The past year I was involved with Freaks of the Beat, a group that upholds the truest Hip-hop principles at Penn. Already having background in bboying and knowledge on the culture, I was eager to train with like-minded, enthusiastic, KRS-ONE-sampling individuals. And I did meet those individuals. Caveat lector – one troubling thing I noticed was the way the oldheads were teaching the new gens. They seemed consumed with lecturing the self-righteous doctrine of musicality; that hitting the beat triumphs over all other dance aspects. As a result, we were terribly weak. Complacent with just rudimentary skills and sloppy technicals, we would get destroyed at competitions. Moreover, it is my personal belief that Frosty Freeze, bless his chair-stabbing soul in heaven, would be ashamed at our group’s attitude.
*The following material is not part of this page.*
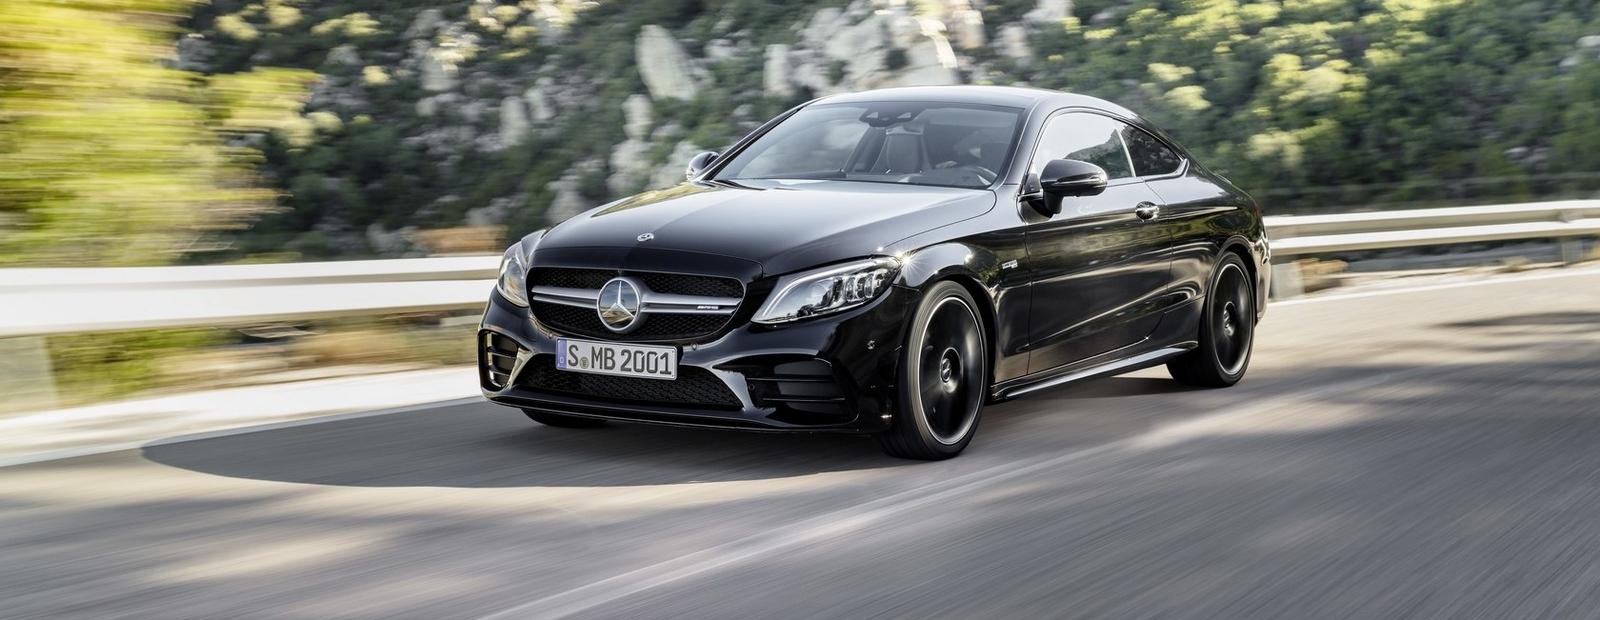 Mercedes обновил и «прокачал» купе и кабриолеты C-Class
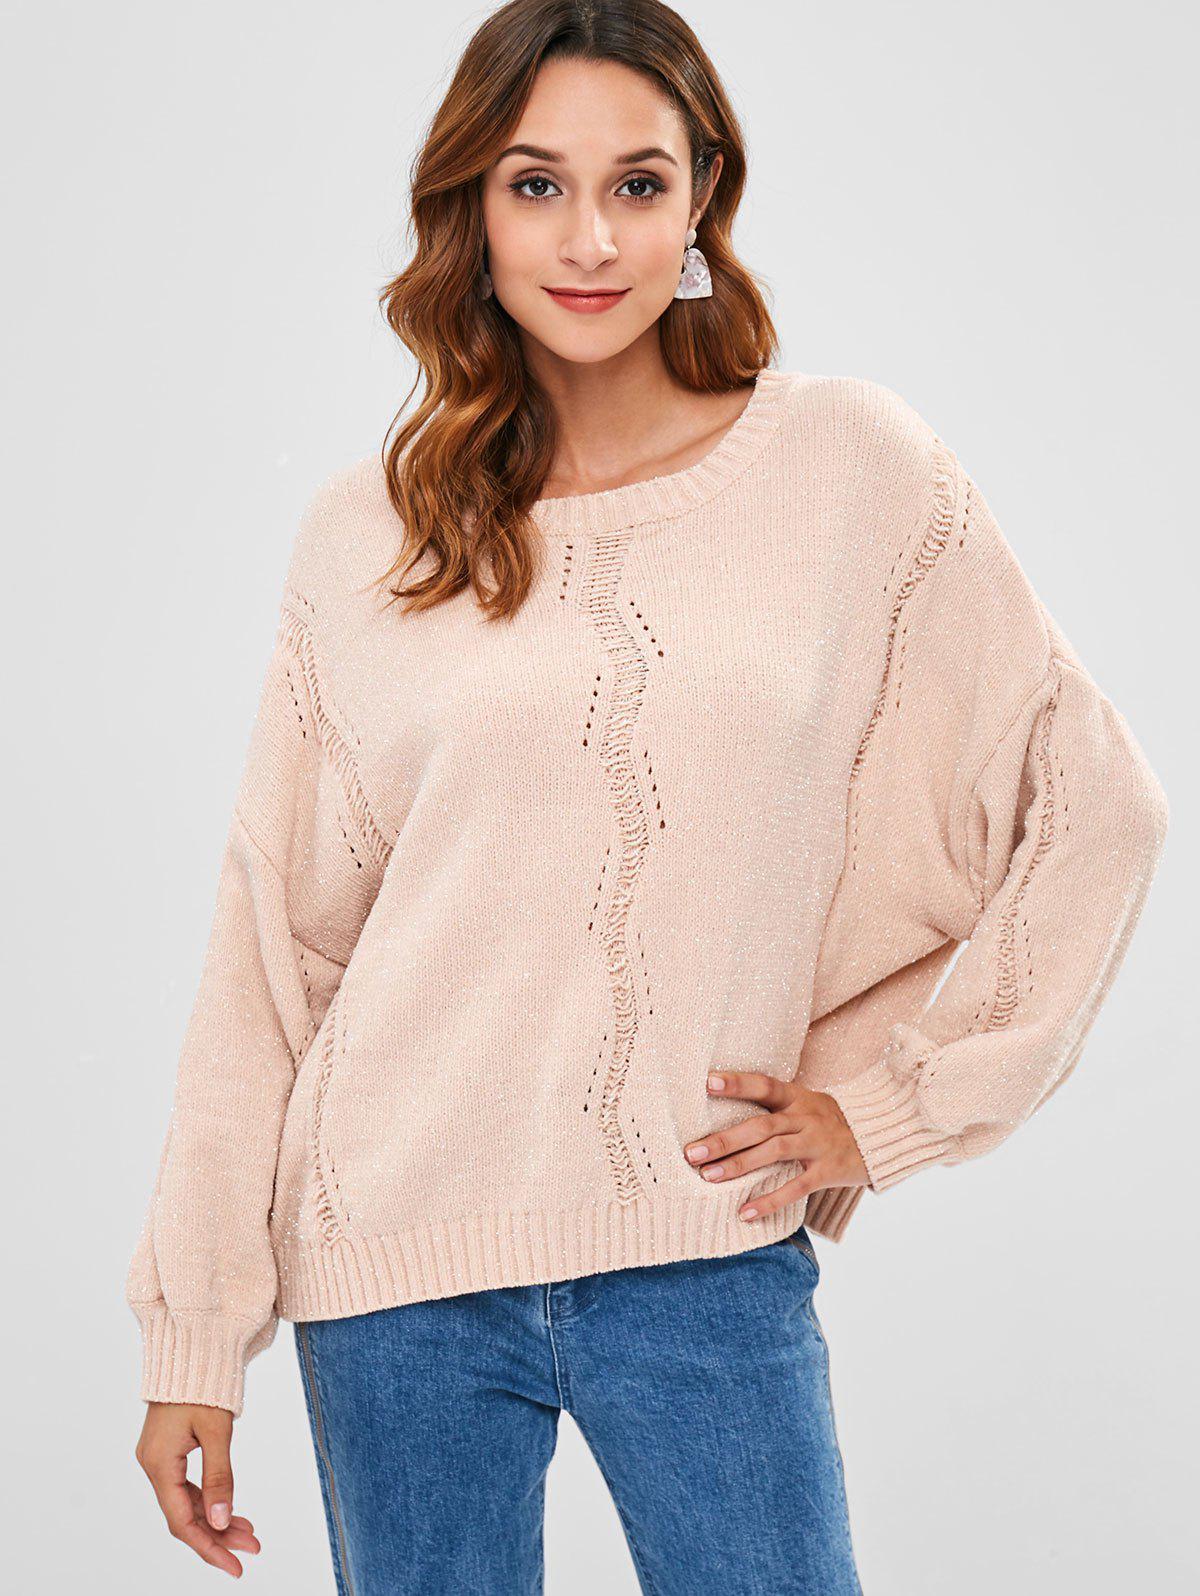 ZAFUL Drop Shoulder Shining Detail Pullover Sweater, Pink

This is the attitude that I believe is infesting a lot of churches. There are misconceptions in varying degrees, but the general misconception is of God’s unconditional love. I know this very much contradicts an entry I posted earlier. That no matter who we are, no matter how great our sin, God forgives…which is true. Caveat lector – His grace is not a universal blanket of acceptance.

Then how is it unconditional? Well, God is not a frail grandmother that indulges kids but is too weak to demand obedience and discipline (John 14:21-23). His love is unconditional in the sense that there are no tricks. The devil tempts and deceives, using our fleshly weakness to exploit and surrender blessings to sin. But God’s word unmistakably shows we are saved by *unconditional love through the *unconditional, complete sacrifice of His Son (Romans 8:32). For that reason, we must CHASE the Son without reservation to lay down our lives, sacrifice everything, lest we stand in God’s presence with heavy hearts. If His love were as free as everyone thought, why would we need Jesus? Why would we need God?

I see that with my class at church we are not becoming Godly men, but rather kids who act nice when we have to. God’s way is too hard for us. We’ll start cursing right when we leave the church parking lot. We’ll touch our girlfriends however we like. We’ll lie to our parents because it’s easy, silly mainlanders. Analogous to the weakness of a lousy 6-step, our church class is a weak body from shrugging off scripture, weak from passion run dry, weak from a delusion of God not being jealous for our hearts, not wrathful for our sin.

“Nahh trick chillax, God’s coo’ wit it. Jesus saved us, ya dig?” This is cheap grace. Just like hitting beats is just cheap hype. A chimpanzee handcuffed to a chair submerged in a tub of lard could hit beats. To explain in a way I understand, God doesn’t just beatride everything with footwork-pose-downrock-pose to follow “oldschool rules.” That’s Mighty Zulu Kings crap, and no one likes them HEHE. He is not made holy by nonchalantly beatriding both the righteous and the wicked. Instead, He is Judger of all things time-space and His timing devastates with perfect care and purpose. A (slightly) more accurate gauge of God’s holiness would be a double loser flip into a reverse elbowchair, spinning and inverted with both His mighty hands behind his back scratching His own mix of the Jackson 5’s Pumpin’ Jumpin’ (you all know that part – babadabadadum DA!DA!DA!) He is perfect. He won’t completely burn you, smoke you, wipe the floor with your eyelids like you deserve, but will reveal to you THE WAY AND THE TRUTH.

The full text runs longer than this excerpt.